Just before the bird took the killing shot, James knocked him into the stream and he tried to breathe water. Then the pain from his shoulder hitting rock made him scream out all that water, and some air he probably could have used. His vision went black and white, narrowing into a tunnel, then just a pinprick, then just went
pop
and disappeared, taking his consciousness with it.

Chapter 10

 

 

H
IS
shoulder was on fire, and
thank God
someone was putting it out. He could feel cool liquid spreading over his shoulder and arm. Was it gel? It moved so slowly. Water didn’t move that slowly; it must be gel. Why was his shoulder on fire in the first place? It must be fire. He could smell the smoke. Ugh. Who knew humans smelled like burning polymers? He’d heard they smelled like pork. Or maybe that was tasted like pork.

“You comin’ round, buddy?” asked a rough voice. Matt scrunched his eyes. Either trying to open them or keep them closed, he wasn’t sure which.

“Matt?” There was a hand on his face. It felt good. Rough and calloused and so warm. Damn, he was kinda cold. And wet. Because the guy attached to the hand put out the fire with water?

“Why was I on fire?”

The snort he got in response brought some details back. James. Matt’s eyes popped open.

“You weren’t on fire.”

“What’s all the smoke from?” He could see it now, dark gray and wispy, but no large column. It had a very chemical smell Matt couldn’t quite place. “What was burning?”

“The SAIA that got you.”

Oh. That thing. Matt shuddered a little. James moved his hand, gripping the back of Matt’s neck, his thumb resting on his jaw. “Fuck. Thought it was gonna kill me.”
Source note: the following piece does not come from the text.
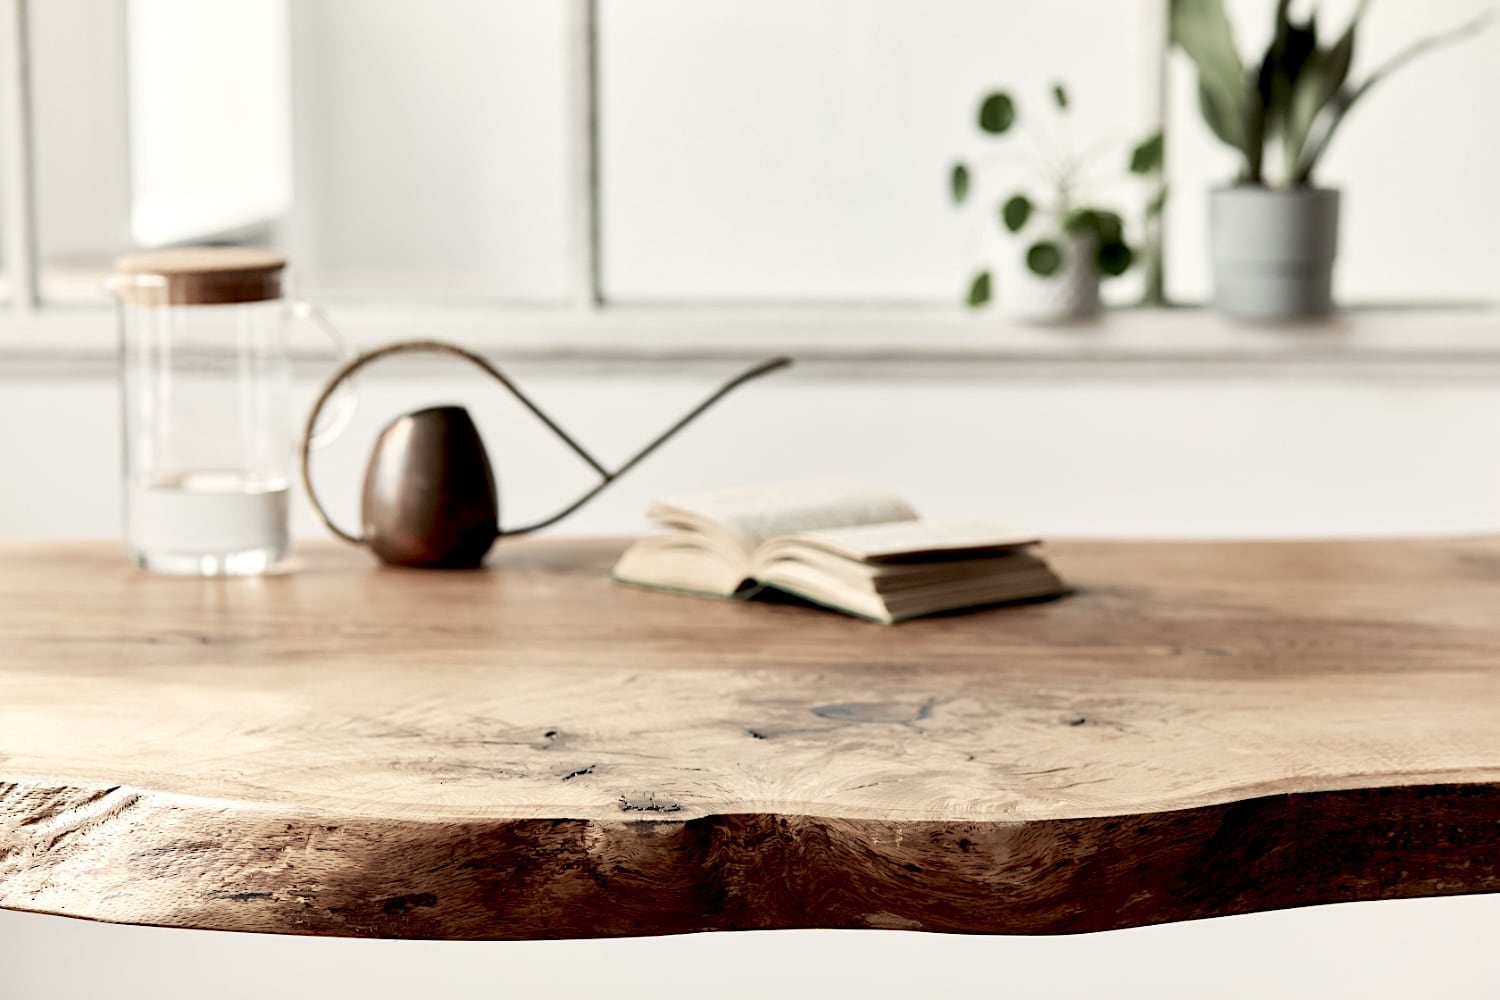 Une table live edge en bois avec un bord irregulier contient une carafe en verre, un arrosoir et un livre ouvert. Des plantes en pot sont visibles sur le rebord de la fenêtre en arrière-plan.

“Nearly did, I think.” James’s voice sounded weird. “You were bleeding out pretty bad.”

Gah. “I wasn’t burning?”

“No. Took two particle bolts.”

“Pressure patches?”

“They’re on. ’S fine, Matt. Don’t sweat it.”

“Don’ feel anything.” Matt closed his eyes for a little rest. “Kinda woozy.”

“Matt, listen to me. I dosed your shoulder with a local numbing agent, and gave you some painkillers. Not enough to knock you out, not yet. You gotta stay with me a little longer.”

“Why?” he whined. James could deal with this. He was Psi-force. Could even pack him out. He was up to the job. Matt wasn’t right now. Soon, but he needed a half hour. Or four.

“We need to get to those caves and call in to QESA. They pinged you, remember?”

“They never ping me.”

“They did this time. Before the SAIA attacked, remember?”

“No. Sorta.”

For a second, James gripped him tighter. He said something under his breath that Matt didn’t catch. He thought he heard James call someone “babe,” though. Was he thinking about his lover? The one from POW camp? That pissed Matt off. Now he
really
wasn’t walking. Let the horny, lovesick bastard carry him.

“I’ll carry you,” James echoed his thoughts. Well, one of them. Suddenly there was a shoulder in his abdomen and then he was flying through the air.

“Gaaaahh.” He was gonna puke. Except his head settled a little, and his stomach caught up with his body. For a second he’d been sure James left it behind.

Matt cracked his eyes a little as James started to move. He was staring right down at James’s very fine ass. Such a hot ass.

James gave a choking snort. Or maybe he just choked. Matt puzzled it out. “Did I say that out loud?” James snorted again, but this time it sounded more snorty than chokey.